◆ What needs to be done:
Below are entries with pictures among them; reproduce exactly, and only, the lines from the one containing "BrightLock cutaway showing mechanism" down to the one containing "Máy lọc nước", without the pictures.

◆ Records for the exercise:

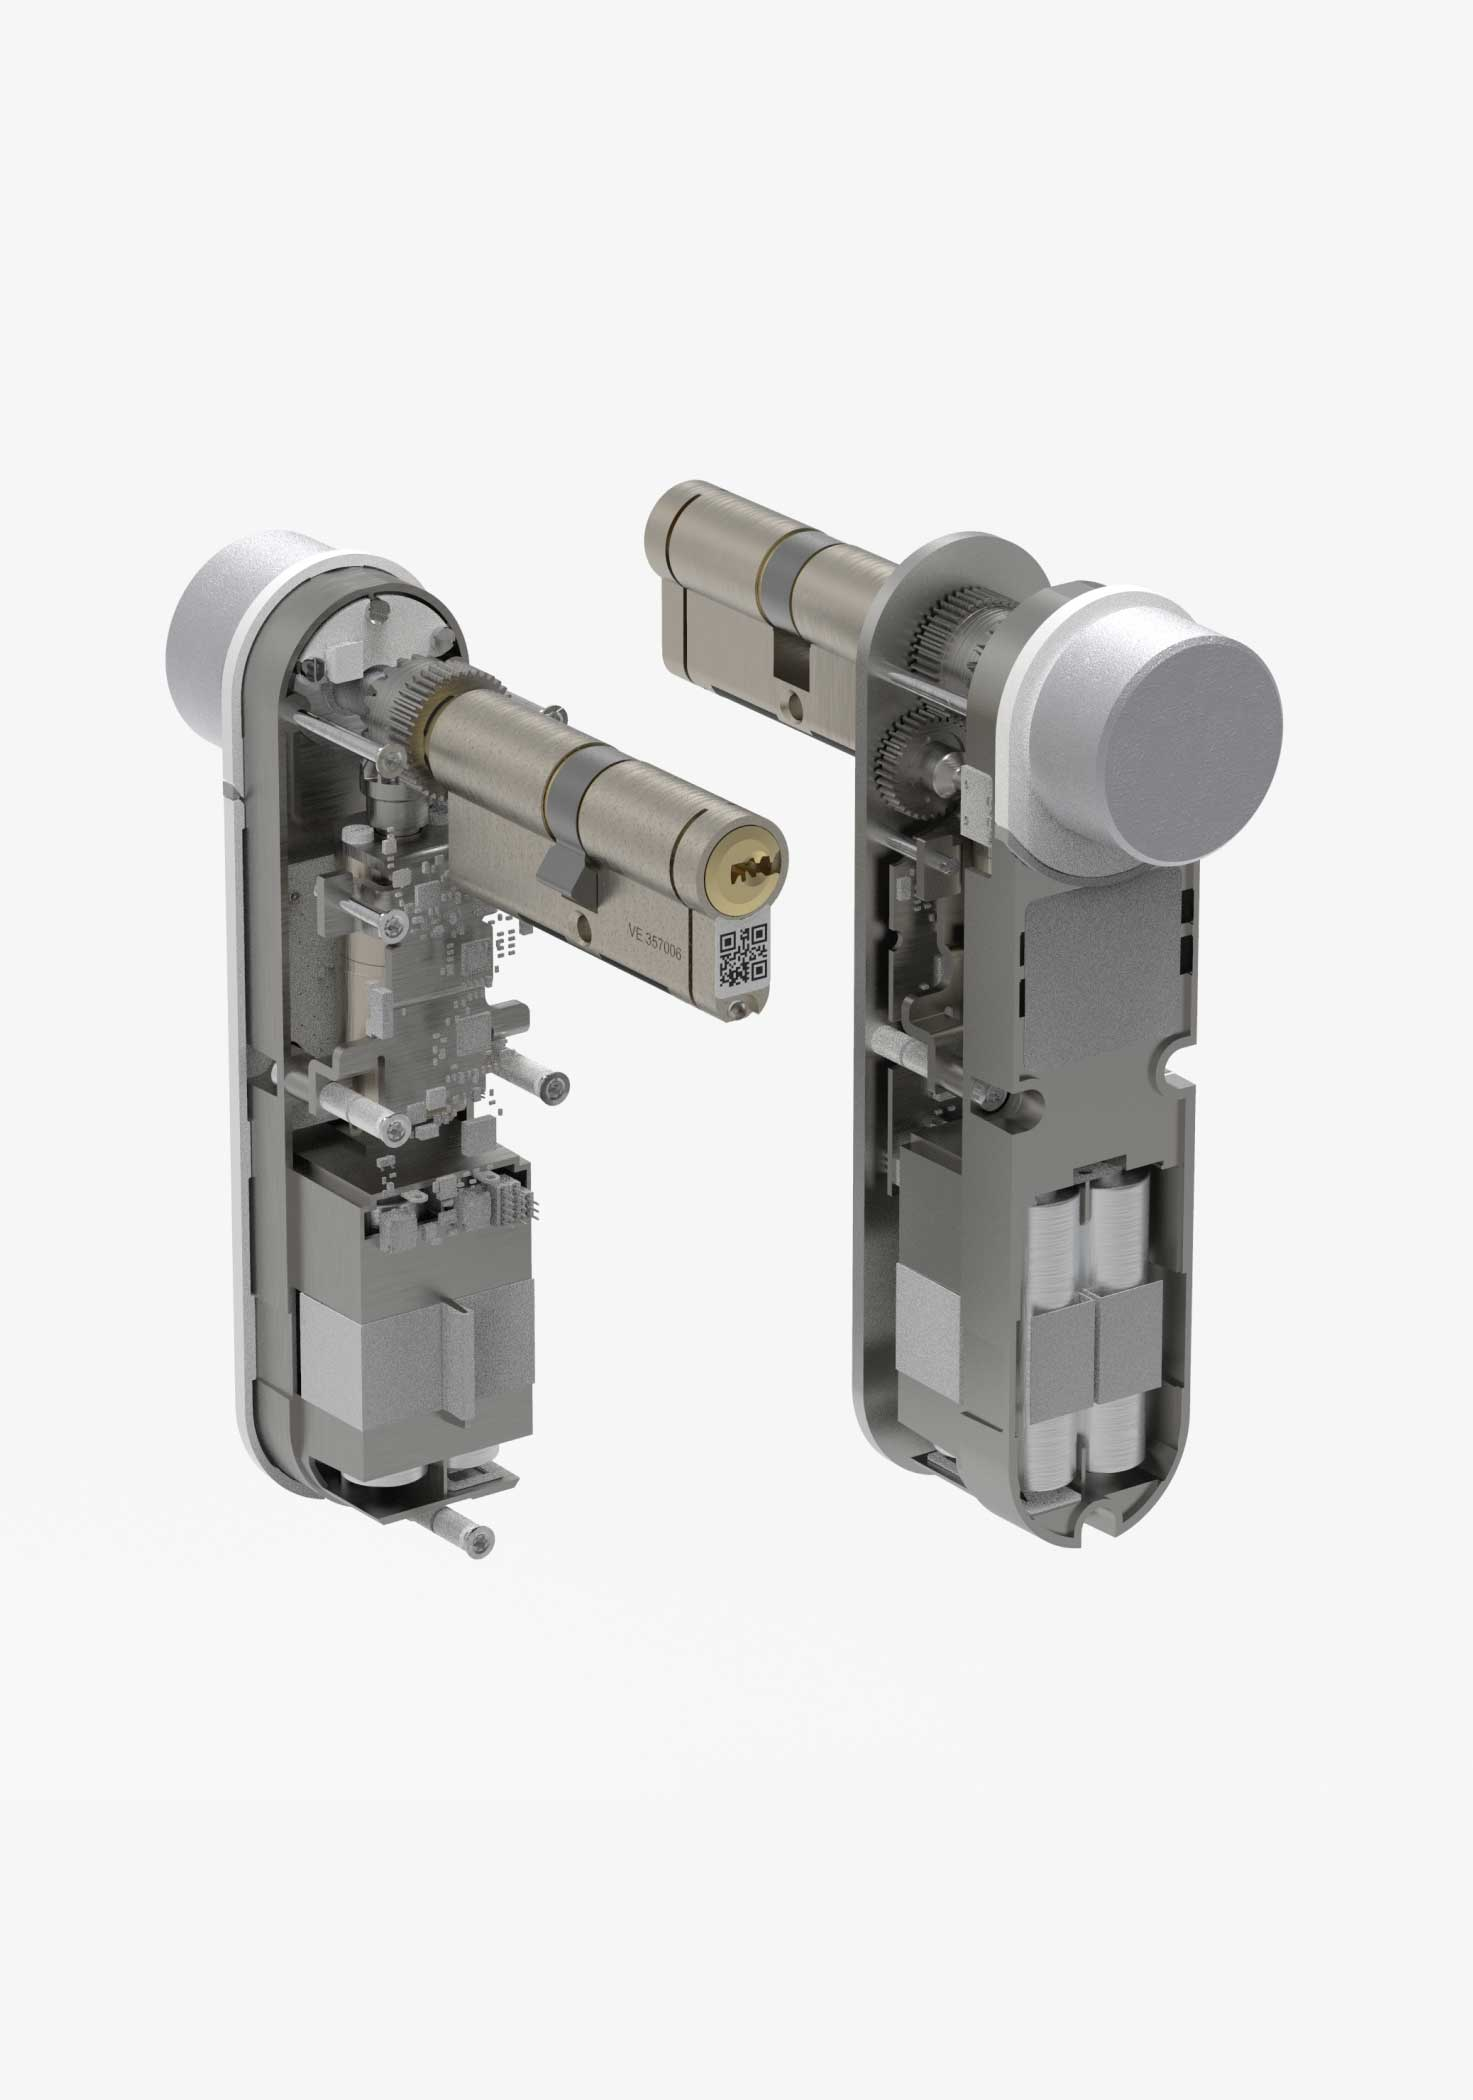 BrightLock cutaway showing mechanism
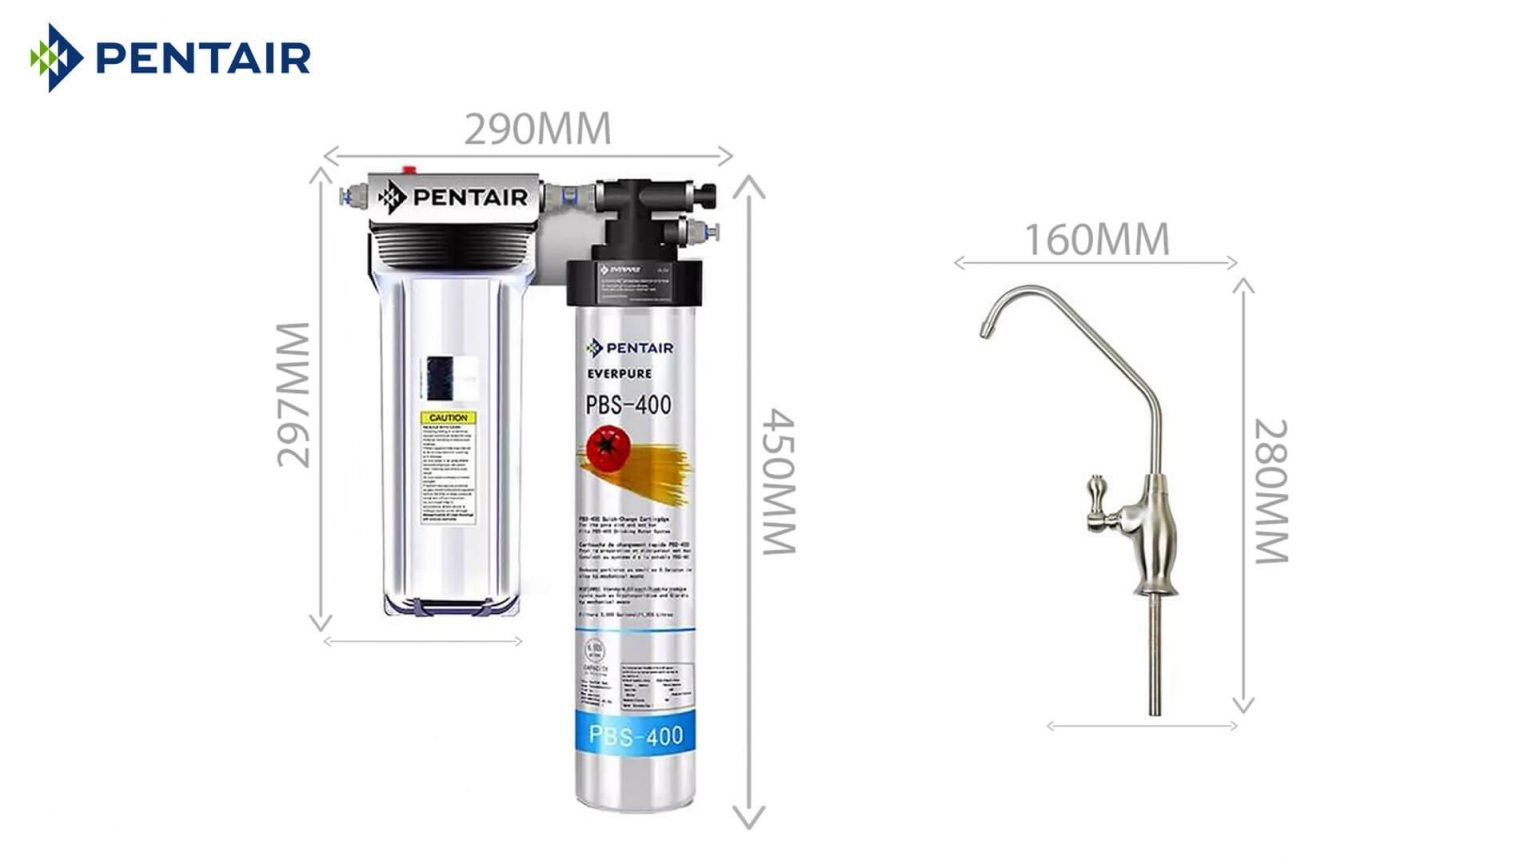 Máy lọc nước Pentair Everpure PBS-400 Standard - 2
==
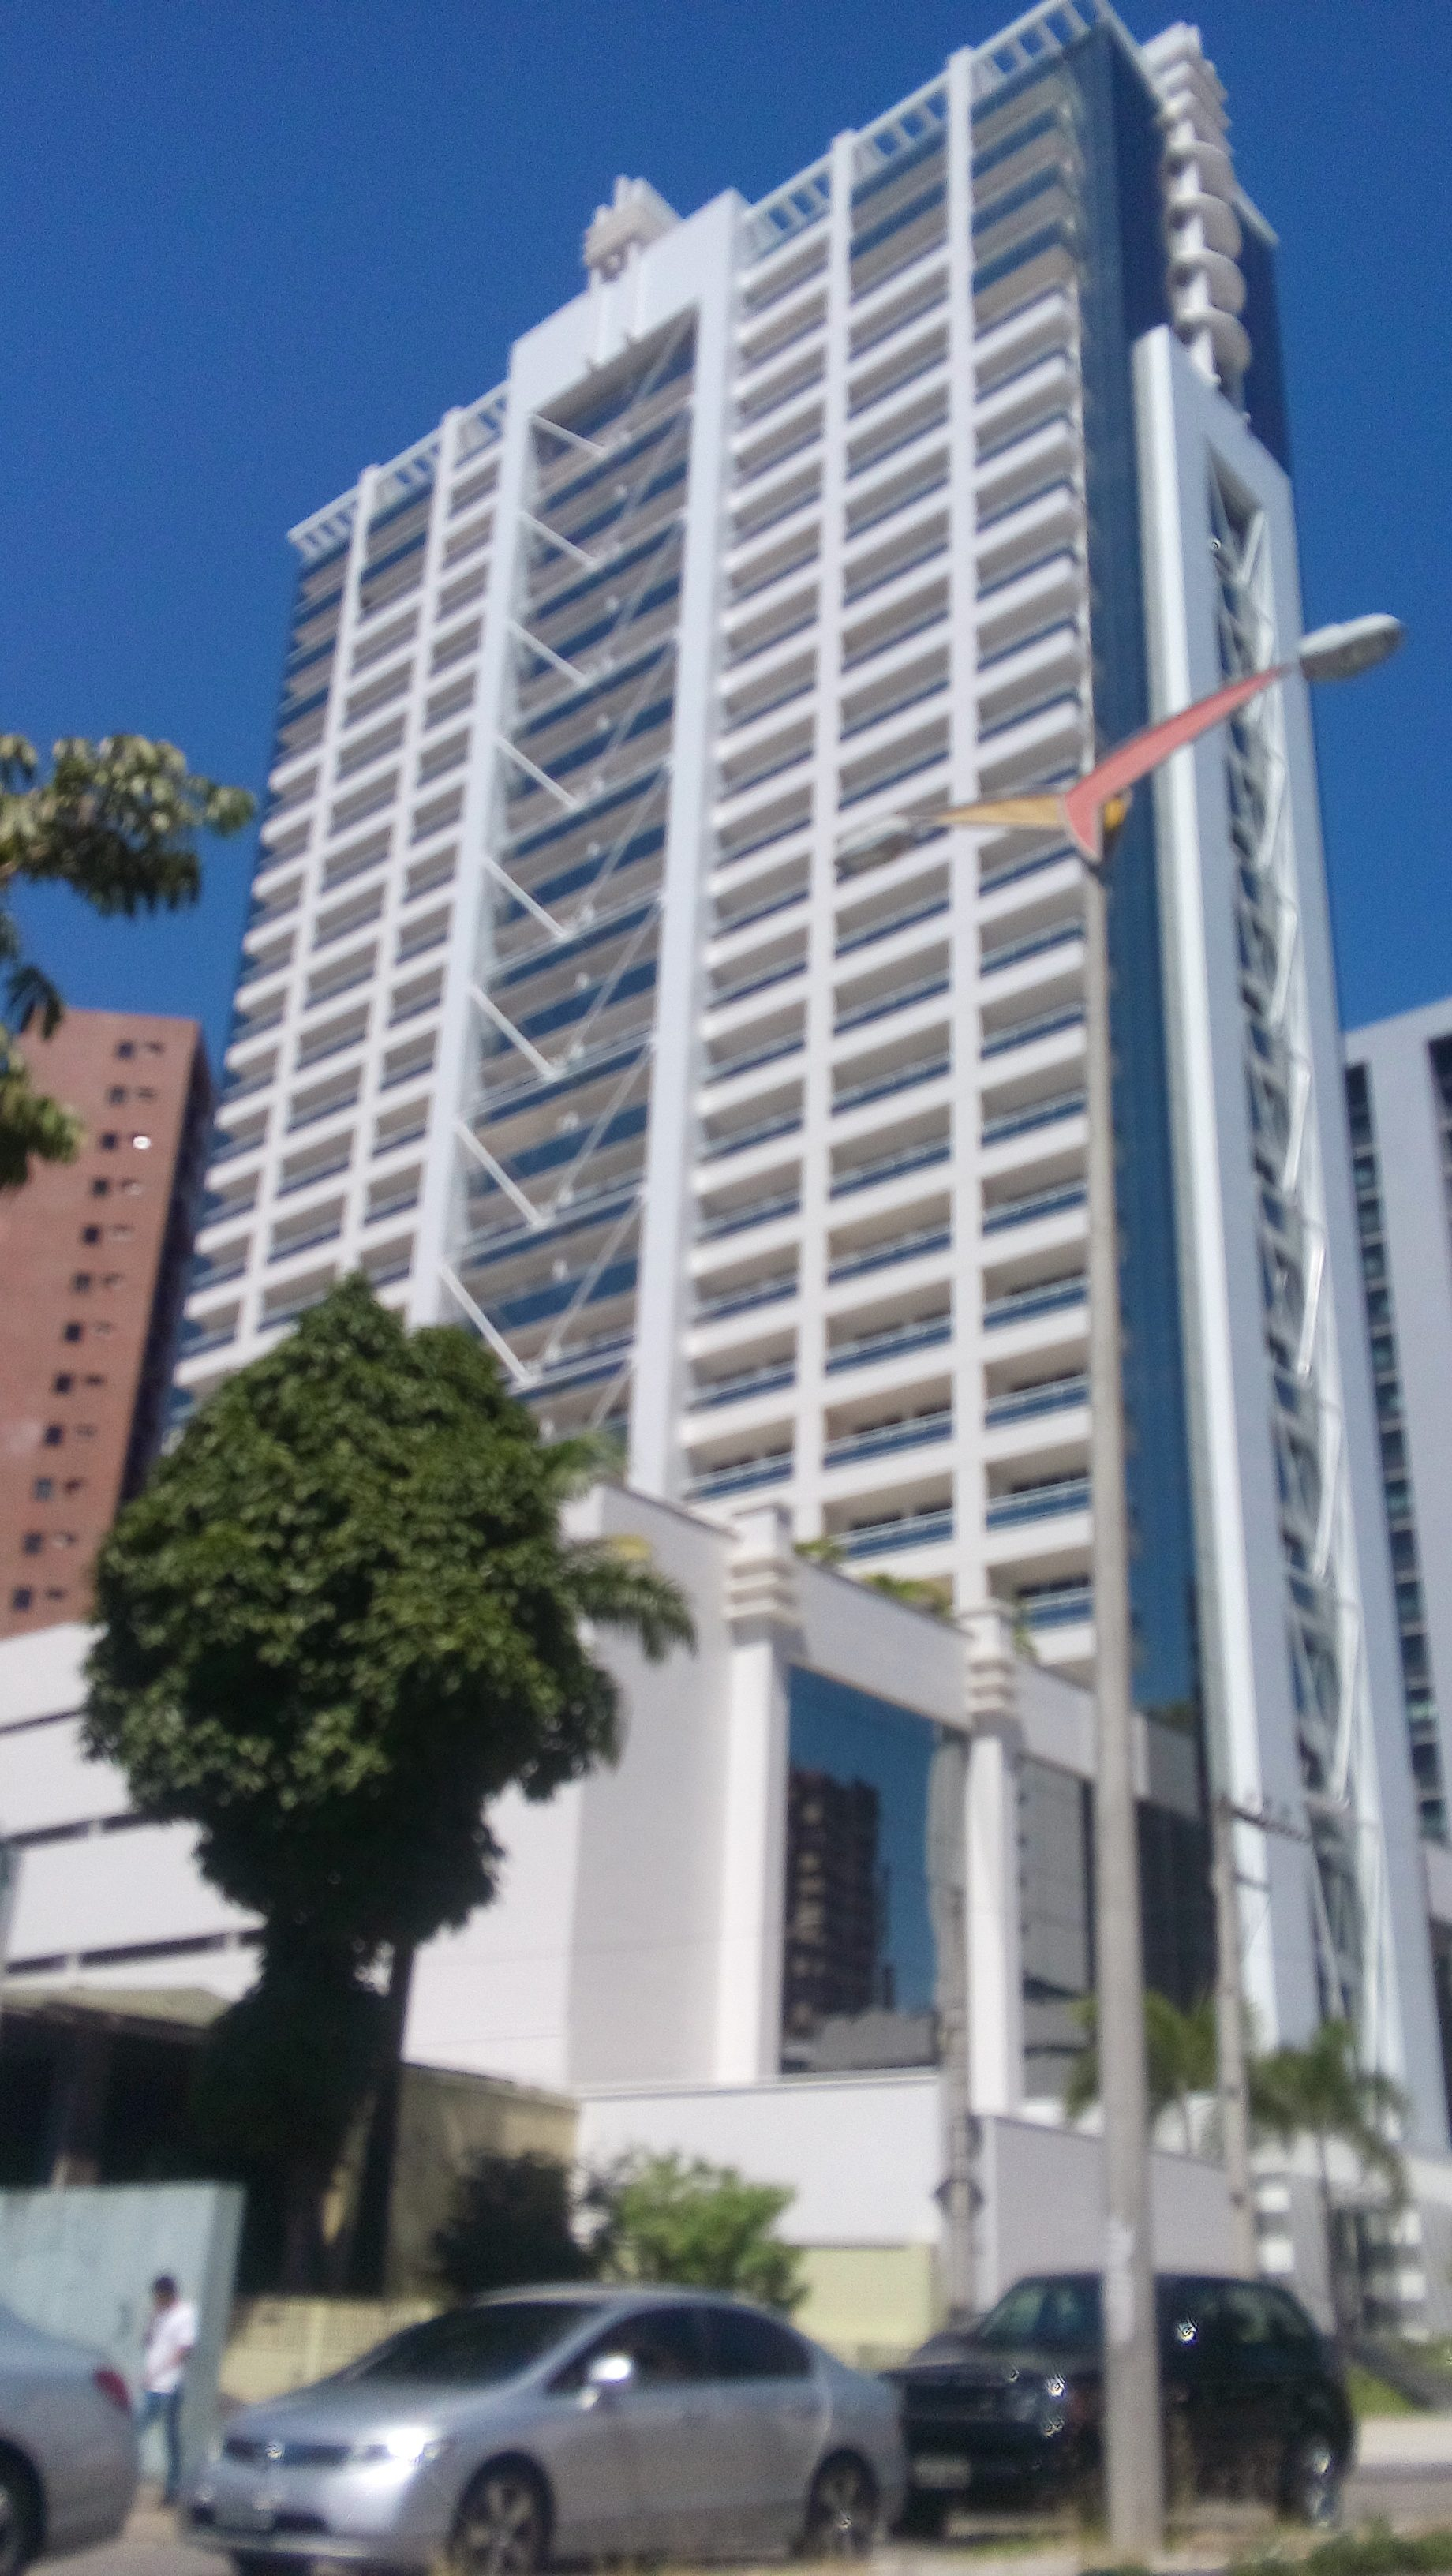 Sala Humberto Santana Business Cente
* * *
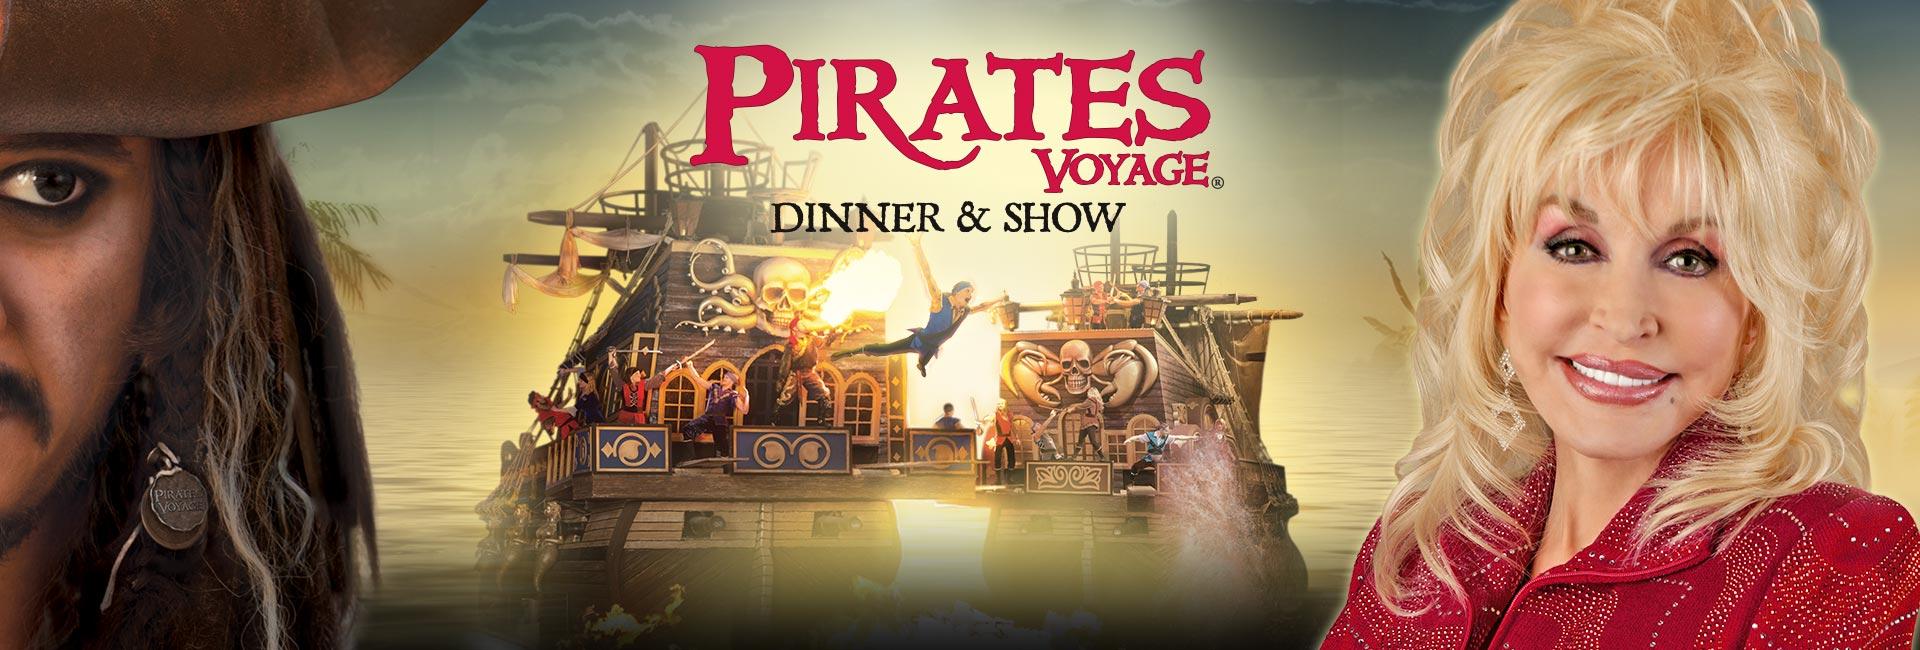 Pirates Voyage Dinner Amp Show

◆ Output below:
 BrightLock cutaway showing mechanism
 Máy lọc nước Pentair Everpure PBS-400 Standard - 2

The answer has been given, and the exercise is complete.